At the tender age of 90, her ease with driving is only one of Helen Arbuckle's accomplishments. She walks with agility and converses with the curiosity of a person who loves new information, asking about the medium Metro uses to develop its film and other thoughtful questions. Tickled that she's being interviewed--"It was always my husband," she says--Arbuckle has quite a lot to say. Perhaps most significantly, she talks about a book she's writing that documents important women in San Jose's history. The book will cover women from the Spanish period up to when Janet Gray Hayes was mayor.
"I think that was sort of the apex, because you can't get much better than being mayor," she says.
In the same Willow Glen home where San Jose historian Clyde Arbuckle meticulously crafted The History of San Jose, Helen now has her own work in progress. And her book, she says bluntly, will fill in the gender gaps that her late husband missed.
"[Clyde] wrote nothing about women at all in his book," Arbuckle says. "There's a lot of stuff he could have written."
Helen Arbuckle became interested in San Jose's "herstory" 20 years ago, while digging up a topic for her Monday Club meeting, an informal women's study group that meets at different people's homes.
"I thought, 'This will be easy with all the stuff Clyde has around,' " Arbuckle recalls. "I picked the usual source book and there was nothing. I mean there were women, but they were always the wives of some man who had done all these things and the woman hadn't done anything."
Of course San Jose had to have important women, they just hadn't been written about, Arbuckle said. And so in the late 1970s she began her research. One of the most noteworthy women, she discovered, was 1800s feminist Clara Foltz.
"I would look at these old newspapers. They're brittle and really fine print," Arbuckle says. "I started looking, not for anything in particular, and I came across the name Clara Foltz. I turned a few more pages and there was Clara Foltz again."
A feminist in the late 1800s, Foltz decided to become an attorney at a time when many women were more worried about the fit of their corsets. After being told to go home and watch her children by a number of lawyers, Foltz finally found a mentor. In order to take the next step into law school, she lobbied the California Legislature to nix the part of the constitution that reserved law school for white men only. In 1878, the law was changed. Still, she was denied admission to Hastings College of Law and was forced to wage yet another battle for her right to practice law. She sued the school and won, becoming the second woman admitted to practice law before the state Supreme Court. The feminist lawyer also happened to be the daughter of San Jose Mercury Herald publisher Charles Shortridge.
"She was speaking on women's rights in 1869. She had gone to Grass Valley to speak on women's rights and was charging people 10 cents to listen," Arbuckle says.
Piercing her lips and straining her brow, Arbuckle promises there are other noteworthy women. She just can't recall them off the top of her head.

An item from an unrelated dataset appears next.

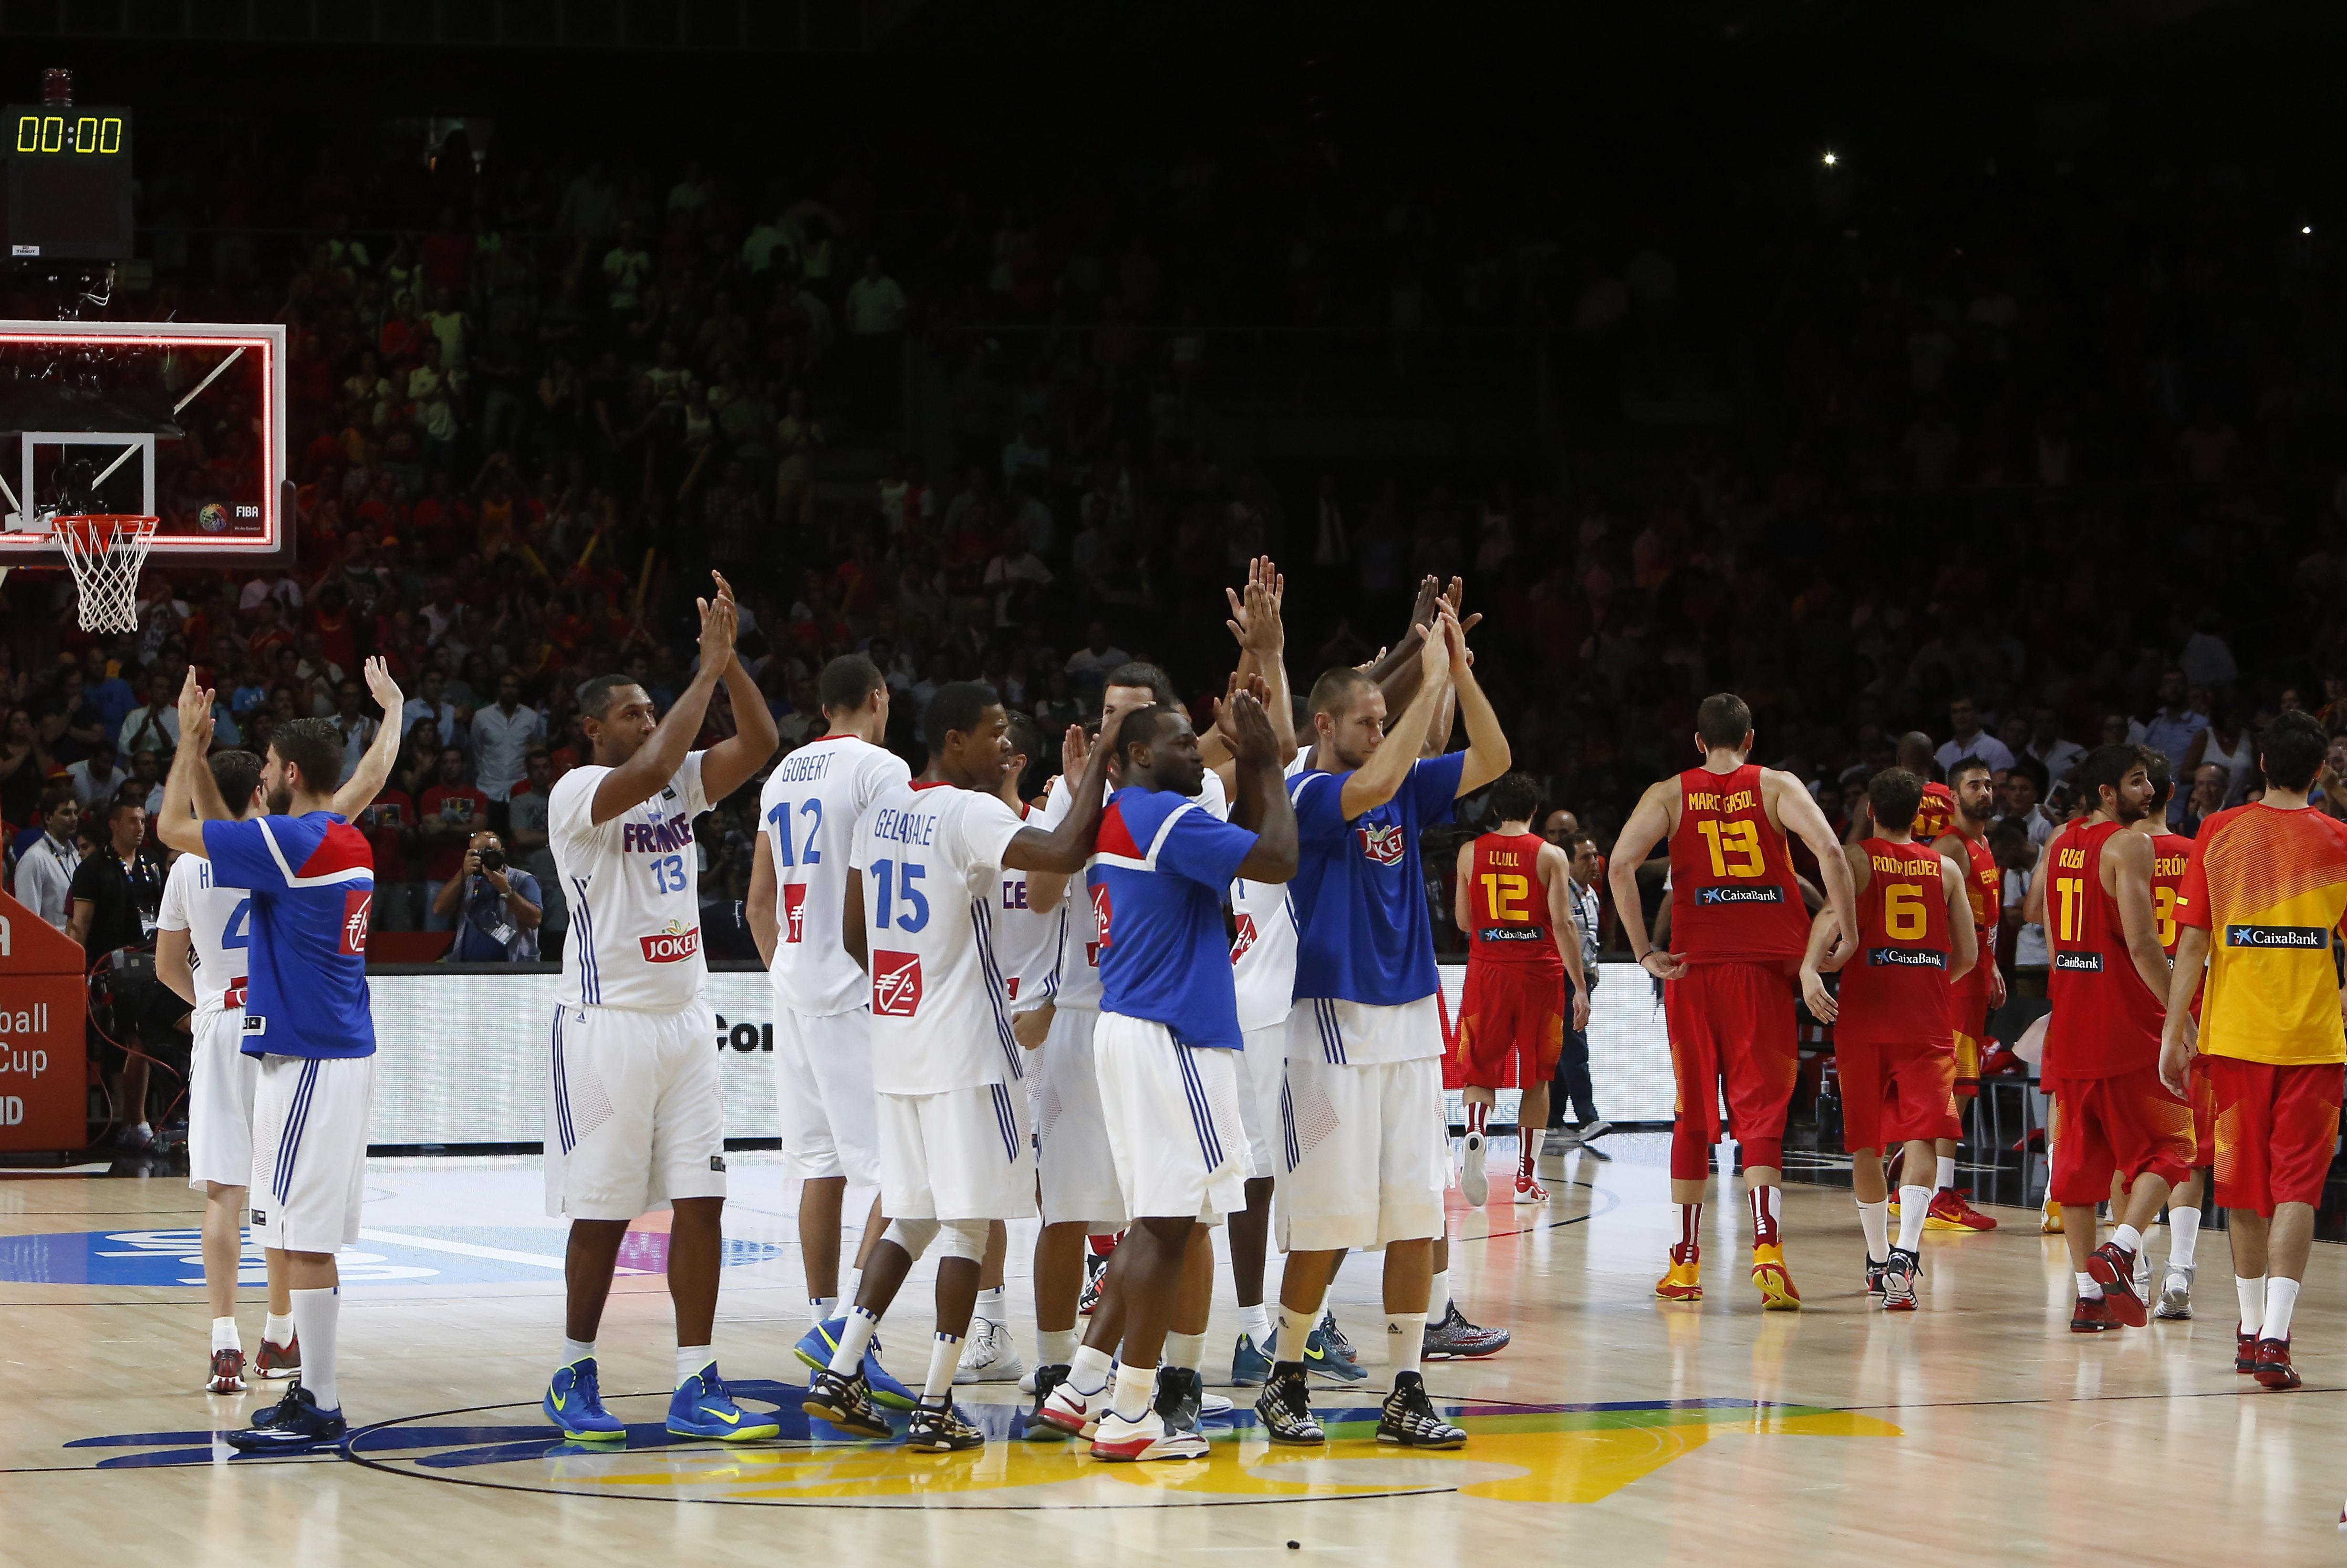 Basket - Equipe de France - USA-France et les cinq plus grands exploits du basket français

"I have an interesting relationship with my memory," she smiles wistfully.
What Arbuckle can say for certain is that she's already knocked out a few chapters. To prove she can write, she pulls out a binder full of article clippings she wrote for the Mercury Herald and Pioneer Society.

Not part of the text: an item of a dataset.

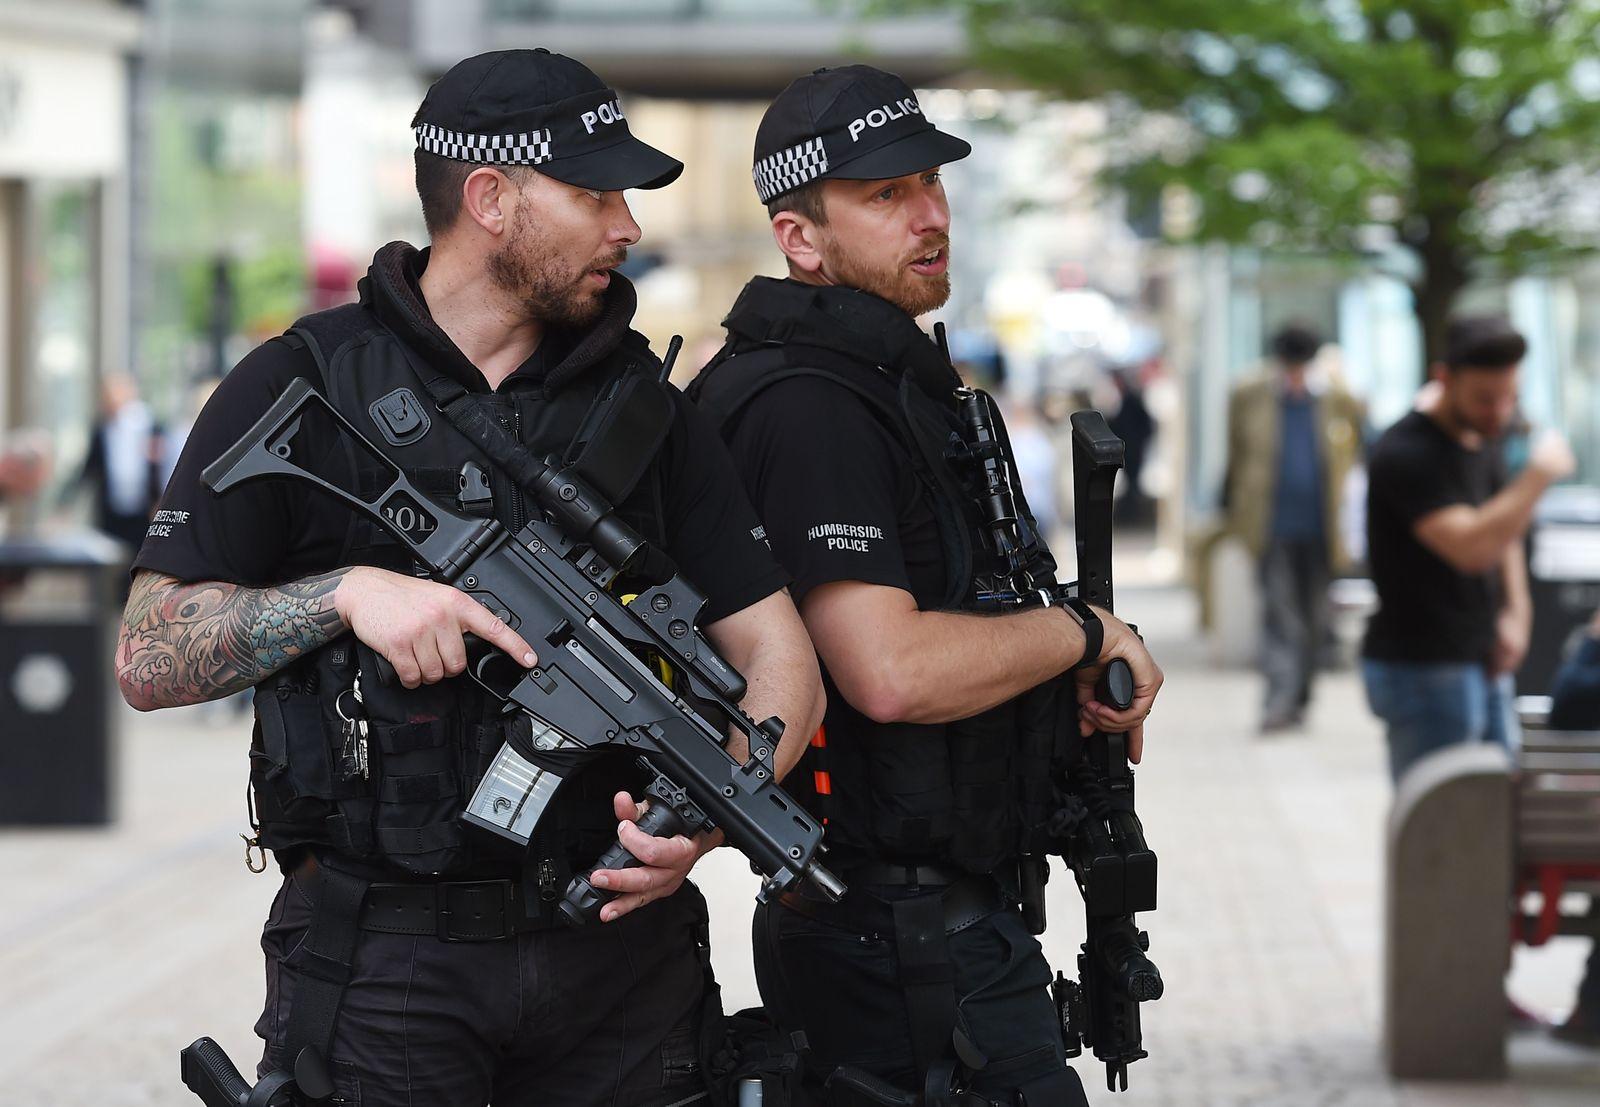 Polizei Manchester

The book will be done when it's finished, Arbuckle says: "Each year it gets set another year ahead."
Surrounded by stacks of books, manuals and old photos that make up Clyde's valuable historic collection, Arbuckle explains why she never asked her husband to include women in his history of San Jose. Her answer is said with the utmost respect for her husband. "It wouldn't have made a difference," she says with a smile. "He's a 19th-century male."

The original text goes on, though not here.